Warming Seas Will Cause Drying and Water Deficits in the West

Anticipated reductions in Arctic sea ice due to global warming would force a significant drying of western North America, according to a March 2004 study in Geophysical Research Letters.

  • "...decreased Arctic sea ice causes drying of western North America."

  • Shrinking Arctic ice would shift storm tracks northward, causing a 30 percent drop in winter precipitation (15 centimeters) and annual precipitation (25 centimeters) from the Gulf of California north to southern British Columbia, and as far inland as the Rocky Mountains.

  • Water deficit, measured as evaporation minus precipitation, may increase by up to 50 percent (0.5 to 2 millimeters/day) over coastal western North America.4

  • Continued warming in the West combined with shrinking Arctic ice will "exacerbat(e) the water crisis in western North America."5


Global Warming Exacerbates Water Shortage Problems

Global warming impacts on snowpack and spring runoff have been and will continue to be adverse in the West, according to a February 2004 study by University of Washington climate scientist Edward Miles. The study found:

  • Since 1950, global warming has been accompanied by an increase in precipitation, but more now comes as rain rather than snow, which means earlier spring runoff and longer summer droughts.
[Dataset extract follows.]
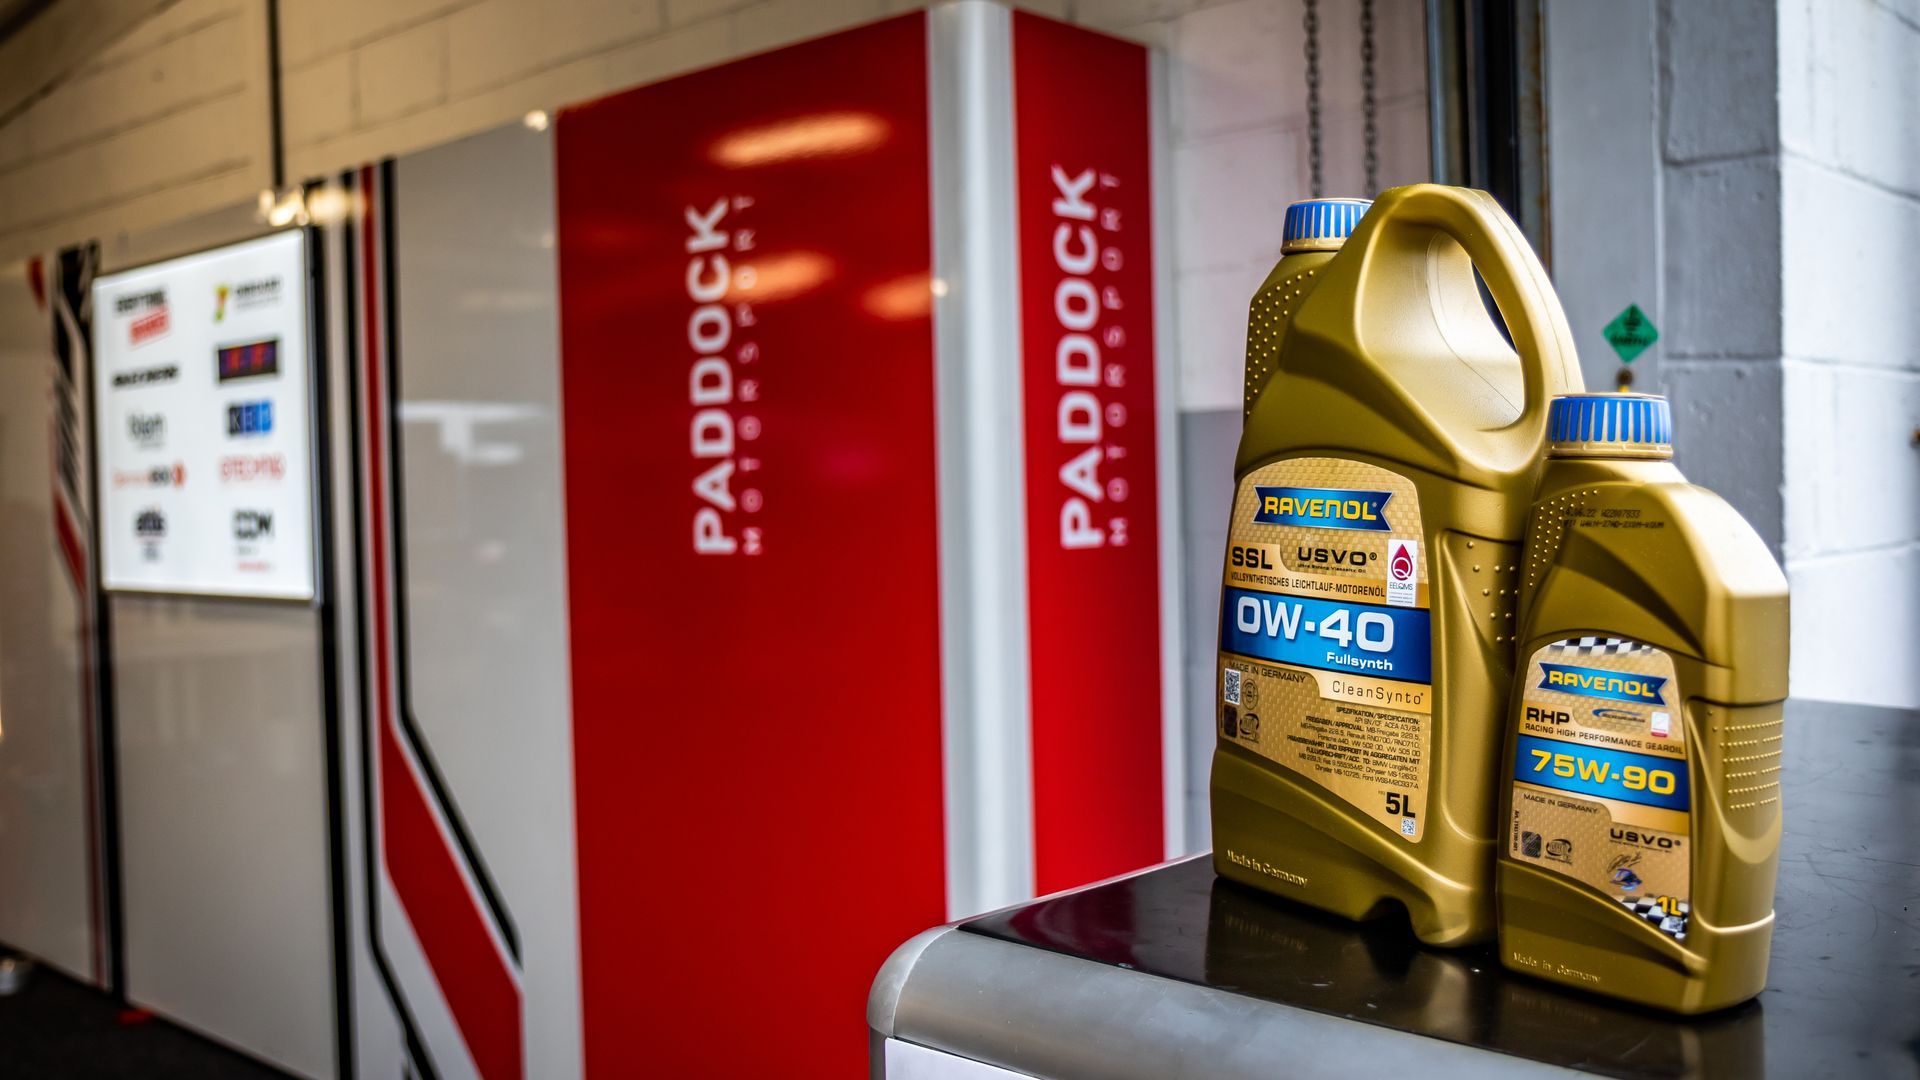 A selection of Ravenol products in the Paddock Motorsport garage

  • The western United States faces decades of chronic water shortages, according to a combination of computer models and hundreds of measurements in the Cascades, Sierras and Rockies.

  • Even with only modest temperature increases, water content of critical snowpack will drop about 60 percent by 2050.

  • Water storage systems in the Northwest and northern California are not designed for the predicted changes in runoff, making it harder to meet the competing needs of fisheries, farmers and power generators.6


Government Forecasts Warming and Melting in Rockies and Great Basin

Forecasts from the Rocky Mountain/Great Basin Regional Assessment on global warming by the federal government's U.S. Global Change Research Program include:

  • The date of peak flow in three Rocky Mountain rivers (Boise, Humboldt and Yellowstone) will come 10 to 15 days earlier than during the 20th century.

  • Seasonal temperature will increase 4 to 14 degrees Fahrenheit over the 21st century, with the largest increases in winter.

  • Total precipitation will increase, but with a significant shift from snow to rain. This could have a severe impact on natural snowpack and man-made water storage and management systems. In this region, 85 percent of the water used by people is surface water, and 85 percent of this originates as run-off from mountain snowpack.

  • One model projects that skiing could be eliminated from the region by 2070.7

last revised 12.9.04



Notes

1. Martin Hoerling and Arun Kumar, "The Perfect Ocean for Drought," Science , Volume 299 (January 31, 2003): pp. 691-694.

2. Robert F. Service, "As the West Goes Dry," Science, Volume 303 (February 20, 2004): pp. 1124-1127.

3. Pacific Northwest National Laboratory, "Global Warming to Squeeze Western Mountains Dry by 2050," www.pnl.gov/news/2004/04-03.htm (January 2004).

4. Jacob O. Sewall and Lisa Cirbus Sloan, "Disappearing Arctic Sea Ice Reduces Available Water in the American West," Geophysical Research Letters , Volume 31 (March 2004), www.agu.org/pubs/crossref/2004/2003GL019133.shtml.

5. Ibid.

6. Edward Miles, "Climate Change in the Pacific Northwest," presented at 2004 AAAS Climate Change Dialogue, Seattle, Washington, February 13, 2004, http://www.cses.washington.edu/cig/outreach/files/AAAS_2004.shtml.

7. F.H. Wagner, ed., Rocky Mountain/Great Basin Regional Climate-Change Assessment: Report for the U.S. Global Change Research Program (Logan, UT: Utah State University, 2003), www.cnr.usu.edu/publications/book.pdf.